Oder wird es vielleicht sogar ein Triple? Mit der Führung des AUT-Teams nach Durchgang eins hatten nur wenige gerechnet. Die Mannschaft vom Club 43, dirigiert an der Longe von Karen Asmera, leistete sich auf Dionysos kaum Fehler. Die Wertungsrichter belohnten die Darbietung der Niederösterreicher mit 7,31 Zählern. Das sind knapp drei Zehntel mehr als die favorisierten Deutschen vom RSV Neuss-Grimlinghausen, die ebenfalls sauber durch ihr Programm turnten. Zwei Küren folgen nun noch. Eine am Samstag gegen 16 Uhr. Eine weitere zum Finale am Sonntag gegen 12.30 Uhr. Die Österreicher, ebenfalls amtierender Vize-Europameister, könnten dann für die wohl größte Überraschung der Titelkämpfe sorgen. Die Kampfansage aus dem deutschen Lager kam bereits: „Wir sind sehr stark in der Kür. Da ist noch alles drin“, sagte Johannes Kay aus Flensburg, der im vergangenen Jahr Europameister mit dem Hamburger Juniorteam wurde und die Rheinländer des RSV in diesem Jahr beim U18-Championat nun erneut verstärkt.
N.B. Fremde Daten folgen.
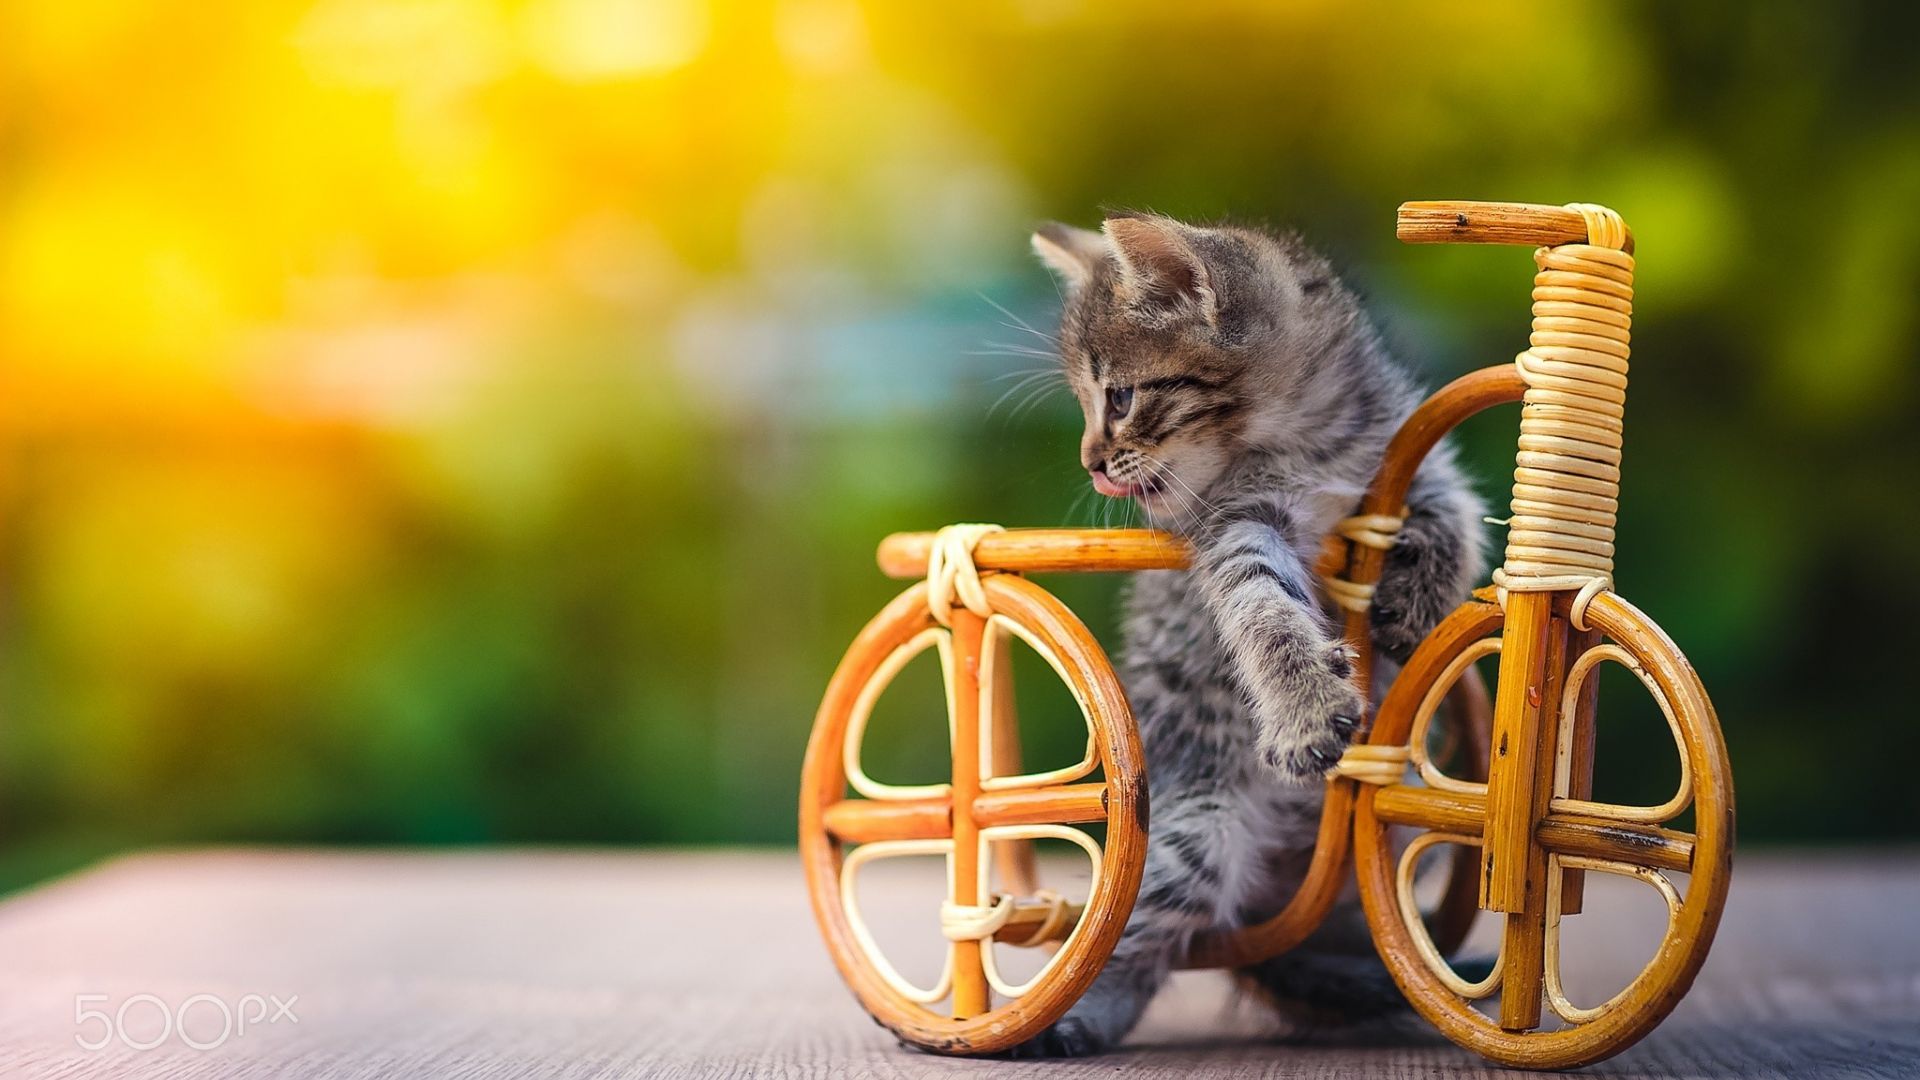 Wallpaper Kitten with cycle toy

Bundesreferent Manfred Rebel hält den Ball derweil flach. „Das müssen wir erst einmal alles ins Ziel bringen“. Die Führung von Fritz jedoch solle im Laufe der folgenden Durchgänge „möglichst bald einzementiert werden“.

Positive Nachrichten aus dem österreichischen Team gab es auch in Hinblick auf den am Samstag anlaufenden Pas-de-Deux-Wettbewerb. Denn für die Salzburgerin Katharina Wegscheider gab es vom Arzt grünes Licht für eine EM-Teilnahme. Die 18-Jährige hatte sich im Donnerstags-Training in Pezinok bei einem Sturz auf das Kreuz am Ellenbogen verletzt. Nach einem Besuch in einem Wiener Krankenhaus gab es Entwarnung. Es handelt sich lediglich um eine Prellung, sagt Rebel. Die österreichische Mannschaft wird also weiterhin in voller Besetzung auflaufen können.

So geht's weiter

Die Wettbewerbe am Samstag starten um 10:20 Uhr Uhr mit den Küren der Männer. 13 Uhr folgen die Damen. Ab 15:20 Uhr Uhr gehen die Doppelvoltigierer in die erste Runde. Die Küren der Teams folgen um 16 Uhr. Das große Championats-Finale steigt am Sonntag. Übertragen werden die gesamten Wettkämpfe live im Internet auf den Seiten der FEI unter www.feitv.org.